В его комнате был густой чёрный мрак, и лунный свет лежал кое-где оранжевыми пятнами. Около стола он ударился локтем, но боль отозвалась минут через пять. Добравшись до кровати, он сел, чувствуя себя ограбленным.

Так он сидел около часа, пока в соседней комнате не стихло все.

Тогда он вынул из-под подушки револьвер и, наклонившись к окну, заглянул в дуло.

— Как живём? — пробормотал он.

Дуло преданно смотрело ему в глаза. У револьвера была простая, честная душа, какая бывает у больших и сильных собак. Он выручал Матвеева несколько раз раньше, в хорошее время, и готов был выручить сейчас.

Ведь бывают случаи, когда лучше самому выйти за дверь. На что он был теперь годен — без ноги, когда даже свои обходят его? Он привык жить полной жизнью и идти впереди других, а его просят отойти в сторону и не мешать.

Он осмотрел револьвер. Было трудно пойти на это, как трудно бывает выбросить старую сломанную вещь, к которой давно привык. Смерть — это скверная штука, что бы там ни говорили о ней.

— Привычки нет, — пробормотал он, взводя курок.

Он поднял руку, чтобы выплеснуть жизнь одним взмахом, как выплёскивают воду из стакана. Это был плохой выход, но ведь он и не хвастался им.
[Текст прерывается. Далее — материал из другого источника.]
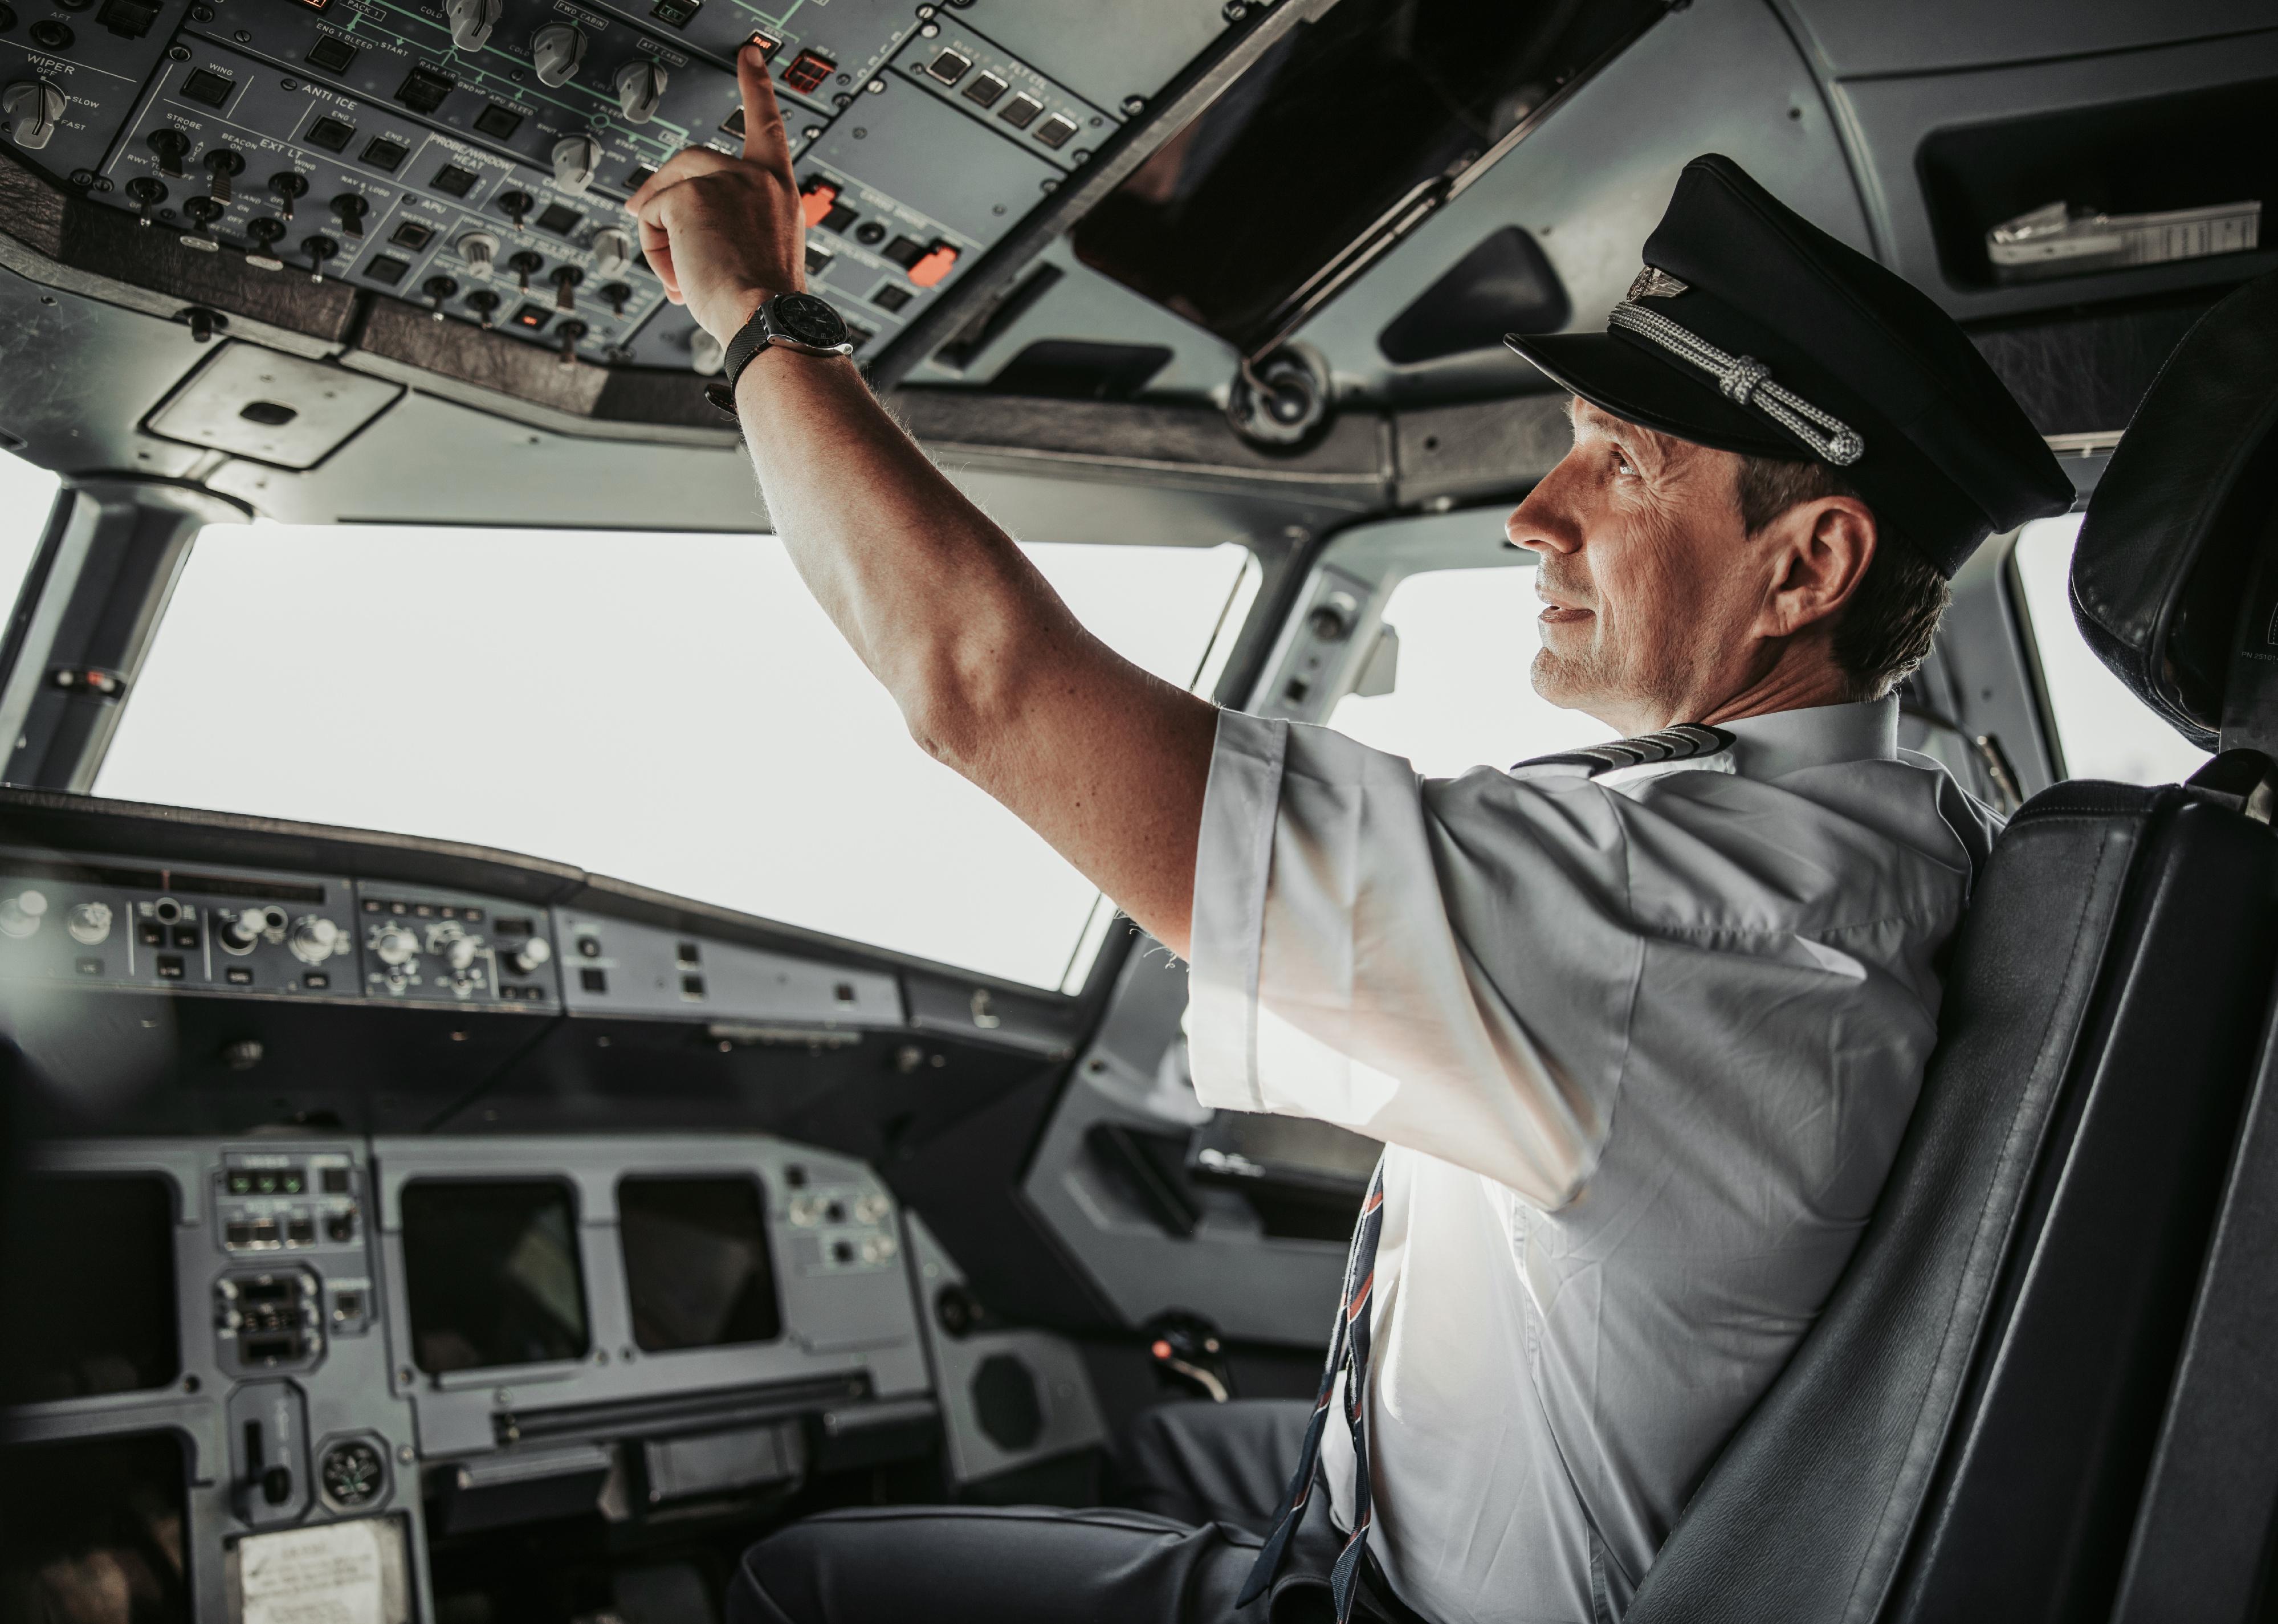 Man in uniform pushing button in cabin during flight.

Но была, очевидно, какая-то годами выраставшая сила, которой он не знал до этого дня. На полу, в лунном квадрате, он увидел свою тень с револьвером у головы и тотчас же вспомнил избитые фразы о трусости, о театральности, о нехорошем кокетстве со смертью, — и ему показался смешным этот банальный жест самоубийц. Такая смерть была бесконечно опошлена в «дневниках происшествий», в праздной болтовне за чайными столами всего мира — да и сам он всегда считал самоубийц самыми худшими из покойников. Несколько минут он сидел, глядя на свою тень и нерешительно царапая подбородок, а потом осторожно, придерживая пальцем, спустил курок. В конце концов у человека всегда найдётся время прострелить себе голову.

— Представление откладывается, — прошептал он, накрываясь одеялом.